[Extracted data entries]
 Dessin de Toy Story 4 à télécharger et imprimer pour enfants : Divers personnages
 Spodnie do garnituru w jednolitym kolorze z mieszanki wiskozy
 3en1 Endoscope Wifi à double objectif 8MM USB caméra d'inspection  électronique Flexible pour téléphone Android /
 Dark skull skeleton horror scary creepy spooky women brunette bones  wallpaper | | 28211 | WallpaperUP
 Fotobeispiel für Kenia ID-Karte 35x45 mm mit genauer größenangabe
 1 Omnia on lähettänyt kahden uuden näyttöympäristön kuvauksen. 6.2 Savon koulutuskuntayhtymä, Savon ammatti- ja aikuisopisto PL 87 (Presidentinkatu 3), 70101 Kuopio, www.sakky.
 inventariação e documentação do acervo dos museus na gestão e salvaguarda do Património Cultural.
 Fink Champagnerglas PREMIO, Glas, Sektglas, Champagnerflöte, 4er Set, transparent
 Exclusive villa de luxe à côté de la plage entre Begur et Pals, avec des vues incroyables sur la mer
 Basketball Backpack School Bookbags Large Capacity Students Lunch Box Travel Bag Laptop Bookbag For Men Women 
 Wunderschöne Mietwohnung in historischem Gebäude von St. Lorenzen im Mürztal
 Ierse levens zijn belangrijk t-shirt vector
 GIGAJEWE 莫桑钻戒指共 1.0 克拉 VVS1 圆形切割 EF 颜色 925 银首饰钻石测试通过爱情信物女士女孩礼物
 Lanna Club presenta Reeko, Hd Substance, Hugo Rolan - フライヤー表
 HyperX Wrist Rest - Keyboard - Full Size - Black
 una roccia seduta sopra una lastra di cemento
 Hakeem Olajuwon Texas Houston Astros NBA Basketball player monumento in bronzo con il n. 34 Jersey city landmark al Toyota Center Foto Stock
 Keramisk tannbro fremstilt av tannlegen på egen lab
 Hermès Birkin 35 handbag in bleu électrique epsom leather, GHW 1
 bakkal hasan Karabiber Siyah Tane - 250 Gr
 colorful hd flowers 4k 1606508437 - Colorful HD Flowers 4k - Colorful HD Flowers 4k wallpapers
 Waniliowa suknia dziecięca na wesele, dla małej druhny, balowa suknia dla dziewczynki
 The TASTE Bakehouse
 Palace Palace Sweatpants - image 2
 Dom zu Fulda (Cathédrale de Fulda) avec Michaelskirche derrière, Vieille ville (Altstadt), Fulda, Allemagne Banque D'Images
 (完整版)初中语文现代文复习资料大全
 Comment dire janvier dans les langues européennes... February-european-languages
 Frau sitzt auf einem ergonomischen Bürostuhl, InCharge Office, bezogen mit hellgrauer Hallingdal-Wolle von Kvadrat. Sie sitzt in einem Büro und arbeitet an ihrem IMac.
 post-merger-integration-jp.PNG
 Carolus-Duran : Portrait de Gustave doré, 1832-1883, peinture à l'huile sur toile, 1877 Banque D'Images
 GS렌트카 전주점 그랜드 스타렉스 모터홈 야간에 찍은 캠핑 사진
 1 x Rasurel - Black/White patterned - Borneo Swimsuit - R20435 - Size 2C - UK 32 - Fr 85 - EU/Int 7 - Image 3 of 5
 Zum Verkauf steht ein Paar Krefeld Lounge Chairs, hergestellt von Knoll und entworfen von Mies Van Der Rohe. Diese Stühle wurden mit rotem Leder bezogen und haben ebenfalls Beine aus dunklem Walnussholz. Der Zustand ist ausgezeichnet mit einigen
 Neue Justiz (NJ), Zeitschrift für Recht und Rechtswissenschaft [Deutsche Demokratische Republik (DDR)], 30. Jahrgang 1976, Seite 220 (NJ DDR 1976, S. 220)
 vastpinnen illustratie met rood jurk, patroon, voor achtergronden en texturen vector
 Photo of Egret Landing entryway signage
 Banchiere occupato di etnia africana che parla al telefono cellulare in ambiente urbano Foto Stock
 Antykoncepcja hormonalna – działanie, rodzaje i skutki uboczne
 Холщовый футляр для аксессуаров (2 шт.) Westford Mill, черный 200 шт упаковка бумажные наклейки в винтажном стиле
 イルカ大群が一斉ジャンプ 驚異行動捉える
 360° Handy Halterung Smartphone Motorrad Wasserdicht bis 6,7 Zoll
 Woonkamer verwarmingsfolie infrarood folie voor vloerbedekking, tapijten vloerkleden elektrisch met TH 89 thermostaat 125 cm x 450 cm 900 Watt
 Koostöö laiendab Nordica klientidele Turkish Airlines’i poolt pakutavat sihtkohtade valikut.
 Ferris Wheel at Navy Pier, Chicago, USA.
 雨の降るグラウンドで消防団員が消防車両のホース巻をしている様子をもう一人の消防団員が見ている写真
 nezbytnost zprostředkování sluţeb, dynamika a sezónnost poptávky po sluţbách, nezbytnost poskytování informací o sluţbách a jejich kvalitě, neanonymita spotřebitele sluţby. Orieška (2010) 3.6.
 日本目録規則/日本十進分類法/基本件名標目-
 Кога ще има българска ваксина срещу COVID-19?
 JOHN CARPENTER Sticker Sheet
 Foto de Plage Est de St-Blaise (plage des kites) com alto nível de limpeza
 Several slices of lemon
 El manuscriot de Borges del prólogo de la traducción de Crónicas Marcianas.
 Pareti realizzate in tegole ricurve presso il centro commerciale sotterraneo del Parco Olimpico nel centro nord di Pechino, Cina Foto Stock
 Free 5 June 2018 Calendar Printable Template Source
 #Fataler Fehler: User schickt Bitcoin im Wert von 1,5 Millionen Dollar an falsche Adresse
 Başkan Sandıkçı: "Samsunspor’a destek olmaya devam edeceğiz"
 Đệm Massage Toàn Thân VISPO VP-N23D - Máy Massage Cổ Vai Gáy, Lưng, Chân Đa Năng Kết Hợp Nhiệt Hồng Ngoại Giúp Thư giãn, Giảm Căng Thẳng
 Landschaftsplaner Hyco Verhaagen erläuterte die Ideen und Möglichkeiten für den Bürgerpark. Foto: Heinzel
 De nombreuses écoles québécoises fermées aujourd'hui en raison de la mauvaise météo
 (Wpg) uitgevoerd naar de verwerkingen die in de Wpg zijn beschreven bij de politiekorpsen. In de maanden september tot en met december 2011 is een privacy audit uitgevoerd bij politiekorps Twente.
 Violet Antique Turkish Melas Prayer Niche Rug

=== Problem to solve ===
Apply a filter for "bezogen" to the data above, then copy each line that matches.

=== Solved exercise ===
 Frau sitzt auf einem ergonomischen Bürostuhl, InCharge Office, bezogen mit hellgrauer Hallingdal-Wolle von Kvadrat. Sie sitzt in einem Büro und arbeitet an ihrem IMac.
 Zum Verkauf steht ein Paar Krefeld Lounge Chairs, hergestellt von Knoll und entworfen von Mies Van Der Rohe. Diese Stühle wurden mit rotem Leder bezogen und haben ebenfalls Beine aus dunklem Walnussholz. Der Zustand ist ausgezeichnet mit einigen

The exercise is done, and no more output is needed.